In short, in the melting step, the lifting and conveying screw (8) is rotated and revolved to stir the resin raw material and the solvent at a low speed, and the high temperature fluid is supplied to the jackets (9) and (10) to produce the resin raw material. And heat the solvent.

Then, in the cooling step, the resin solution is lifted and stirred at a low speed by the conveying screw (8), and the jacket (9),
A low temperature fluid is supplied to (10) to cool the resin solution.

Further, in the vacuum drying step, the resin slurry is lifted and stirred at a low speed with the screw (8) for conveyance, and the jacket (9),
The resin slurry is heated with (10) and the vacuum pump (1
3) is activated to vacuum dry the resin slurry, and then the shutter (4) is opened to collect the resin fine powder.

[Another embodiment]

 Next, another embodiment will be described.
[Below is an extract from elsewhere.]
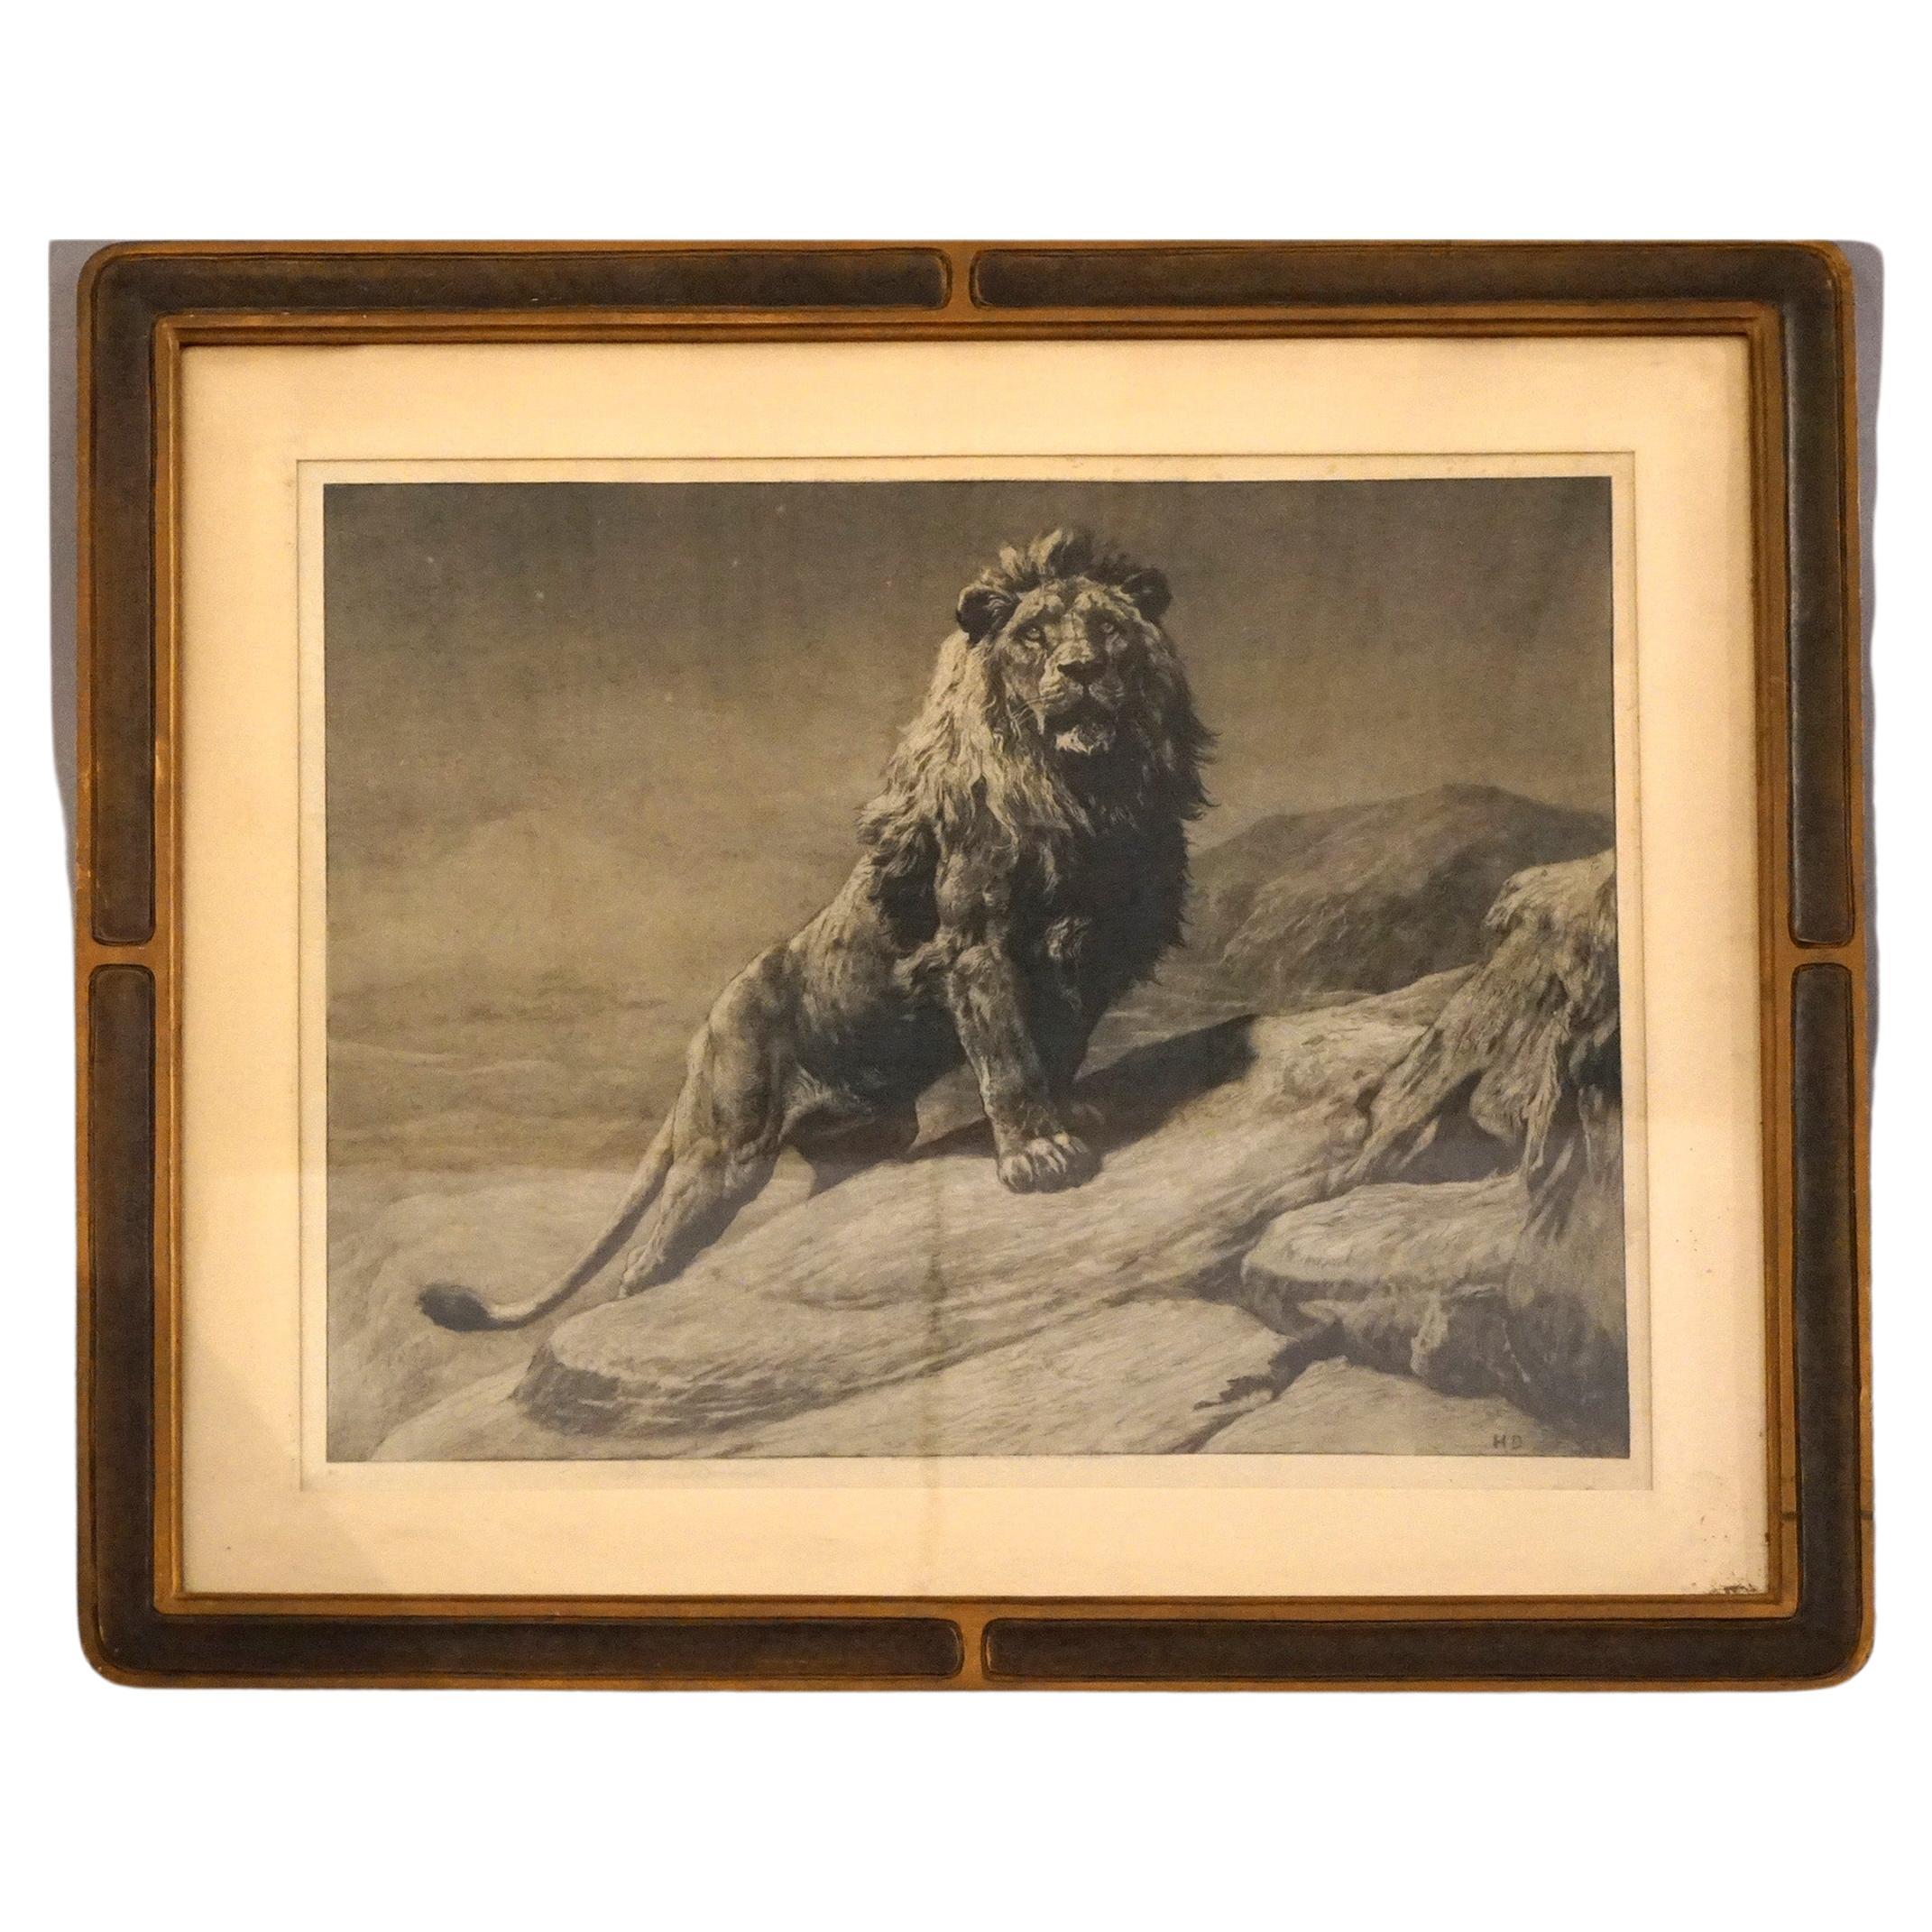 Antique Lithograph Print of an African Lion Circa 1900

The container (1) can be appropriately changed in structure, shape and the like.

The structure of the screw (8) can be changed to an intermittent wing structure or a double spiral structure, and a plurality of screws (8) may be provided.

Instead of the jackets (9) and (10), an appropriate heating structure such as an electric heater may be provided, and these heating structures are collectively referred to as heating means (9, 10, 14).

The cryogenic fluid source (15) may be tap water, a refrigerator, or any other suitable source, and therefore the means for cooling are collectively referred to as cooling means (9, 10, 15).

The inside of the container (1) may be degassed by the vacuum pump (13) before the melting step, or the inside of the container (1) may be depressurized at the beginning of the melting step.

The inside of the container (1) may be degassed by the vacuum pump (13) before the cooling step.

Water may be poured during the vacuum drying process to rapidly remove the solvent by azeotropic distillation.

The classification and selection step may be omitted.

The use of the resin fine powder is not limited, and it can be used, for example, as a FRP modifier, wax, putty material, cosmetics, and clay for teaching materials.

It should be noted that reference numerals are added to the claims for convenience of comparison with the drawings, but the present invention is not limited to the structures of the accompanying drawings by the entry.

[Brief description of drawings]

FIG. 1 is a flow sheet of the method of the present invention, FIG. 2 is a conceptual diagram of an apparatus used in the present invention and a conventional example, and FIG. 3 is a conceptual diagram of an apparatus used in a conventional example. (1) …… Container, (8) …… Lifting and conveying screw,
(9,10,14) …… Heating means, (9,10,15) …… Cooling means,
(13) …… Vacuum pump, (P) …… Centered vertically.

 ─────────────────────────────────────────────────── ─── Continuation of front page (56) References Japanese Patent Publication Sho 61-12933 (JP, B2)

Claims (1)

[Claims] 1. A resin raw material is heated and stirred in a solvent to dissolve it,
A resin fine powder manufacturing method in which the resin solution obtained by the dissolution is cooled while stirring, and the resin slurry obtained by the cooling is vacuum dried while being stirred, and all the steps of the dissolution, cooling and vacuum drying are performed by the same apparatus. As a device, a lifting / conveying screw (8) tilting with respect to the vertical center (P) of the closed container (1) is rotatably driven around the vertical center (P). A method for producing fine resin powder, wherein the container (1) is provided with heating means (9,10,14) and cooling means (9,10,15) and a vacuum pump (13) is connected.